Однако на этой фотографии, единственной, что от нее осталась, Ривкеле некрасива. Неудачный ракурс? Свет? Или просто Ривкеле была не фотогенична?
Но если ее красота не видна на этом снимке, то жизнерадостность на нем запечатлена. Она лукаво улыбается, глядя в объектив, точно шаловливая девчонка, готовая сыграть с вами любую, даже злую, шутку.
Меня звали Ривка Рабинович.
Иногда мое тело было действительно моим. А иногда оно мне не принадлежало. Это оно распоряжалось мной. Мне оставалось только повиноваться.
Я спала с мужчинами. Нам приходилось прятаться. Искать места. Я рисковала погубить свою репутацию. Но я должна была это делать, во что бы то ни стало.
Я никогда не делала этого дважды с одним мужчиной. Как только разъединялись наши тела, что-то в нем начинало казаться мне омерзительным. От его прикосновений меня тошнило. Я становилась холодной, злой. Выказывала ему свое отвращение. Гнала прочь. Одни печалились. Другие настаивали. Но для меня все было кончено.

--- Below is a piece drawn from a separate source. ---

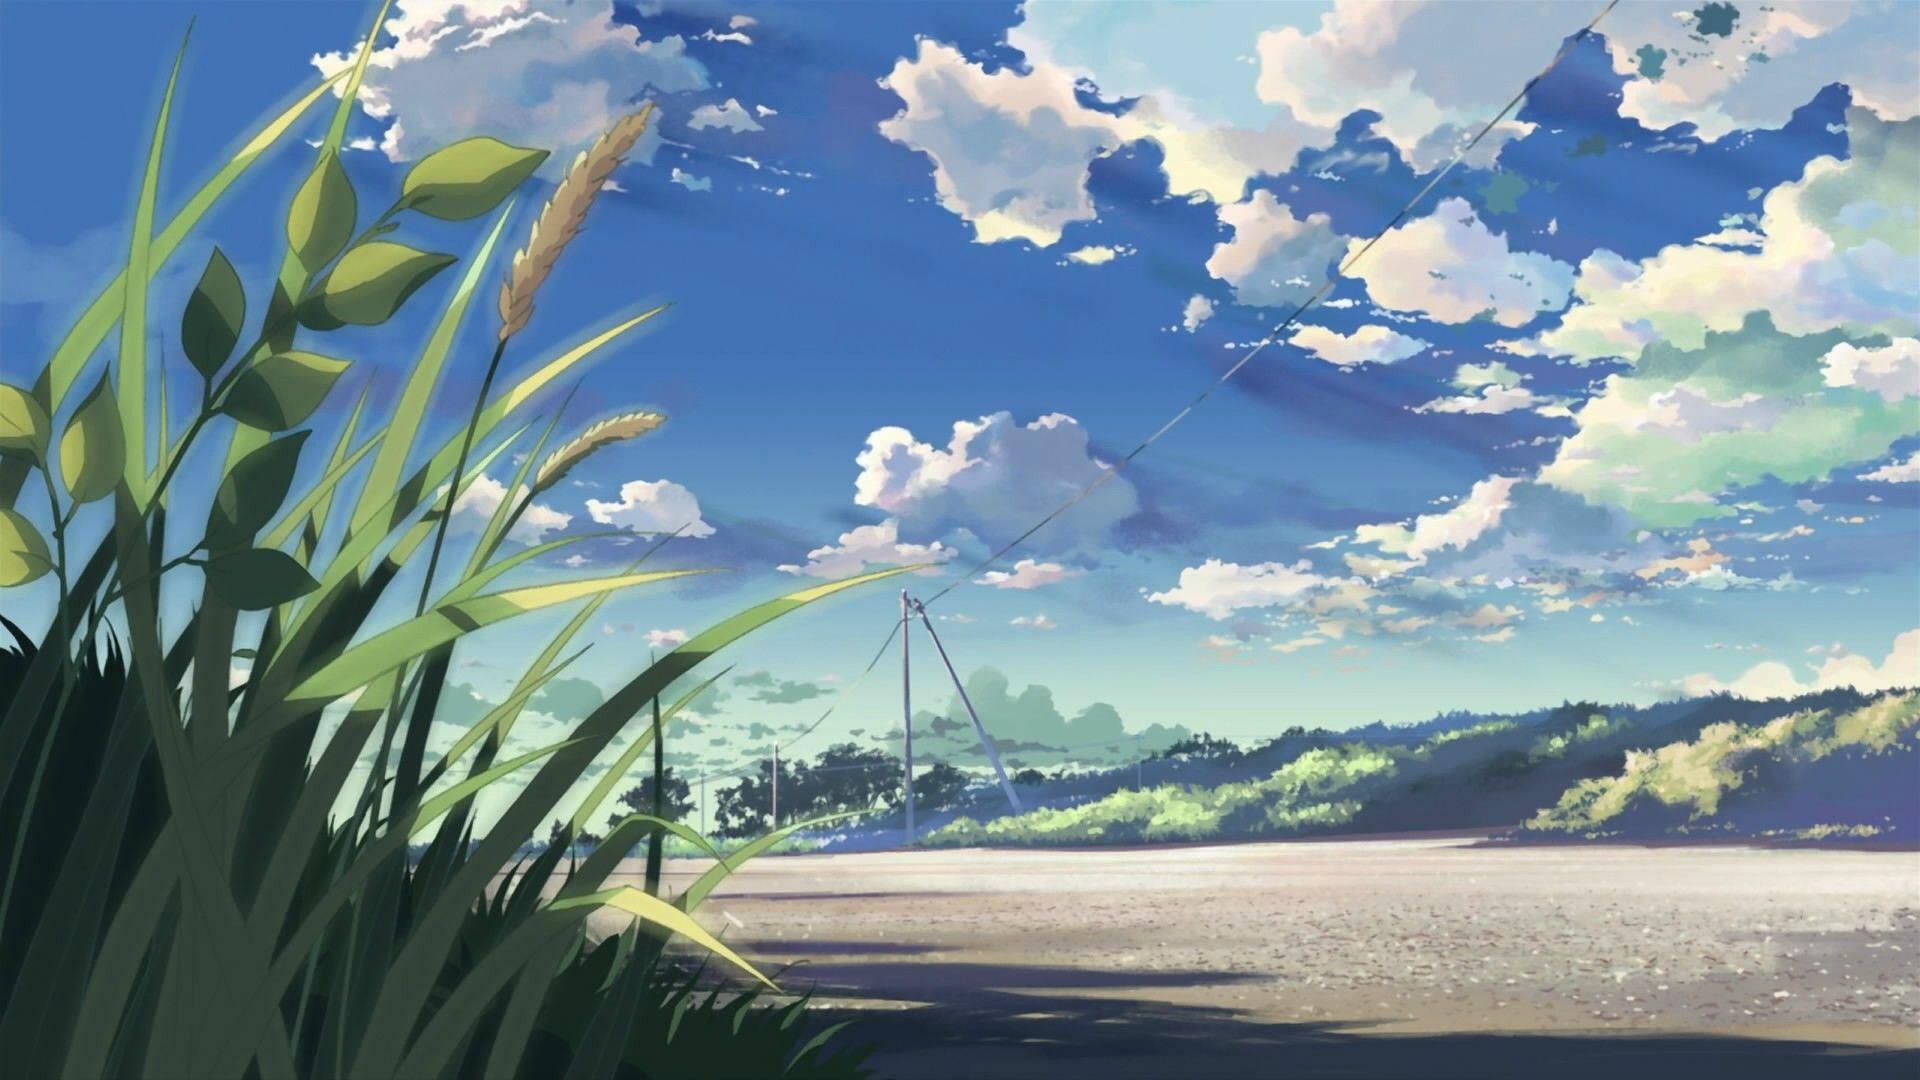 Anime Wallpapers Scenery Wallpaper Landscape Wallpaper Anime Scenery

Ни один из них после не хвалился победой. Они не считали меня легкодоступной. Каждый думал, что я сделала это только один раз, с ним. Каждый думал, что отвратил меня от этого дела. Чувствовал себя виноватым. Мне было от этого смешно. И грустно.
Я и коммунисткой стала, переспав с мужчиной. Это был первый раз. Моя мать приютила поляка. Она наказала нам, детям, никому об этом не говорить. И не велела с ним общаться. Его искала полиция. Он смотрел на нас во все глаза. Следил за каждым нашим движением. Он никогда так близко не видел евреев. Раньше он не знал, что евреи тоже едят, спят, ссорятся, мирятся, любят друг друга.
Сара едва вышла из детского возраста. На ее пухлом личике проступали тонкие черты. С каждым днем она становилась все красивее. Молодому поляку она не говорила ни слова. Смотрела ему в глаза. Потом отводила взгляд. Заливалась краской. Он тоже краснел. А я кипела от злости.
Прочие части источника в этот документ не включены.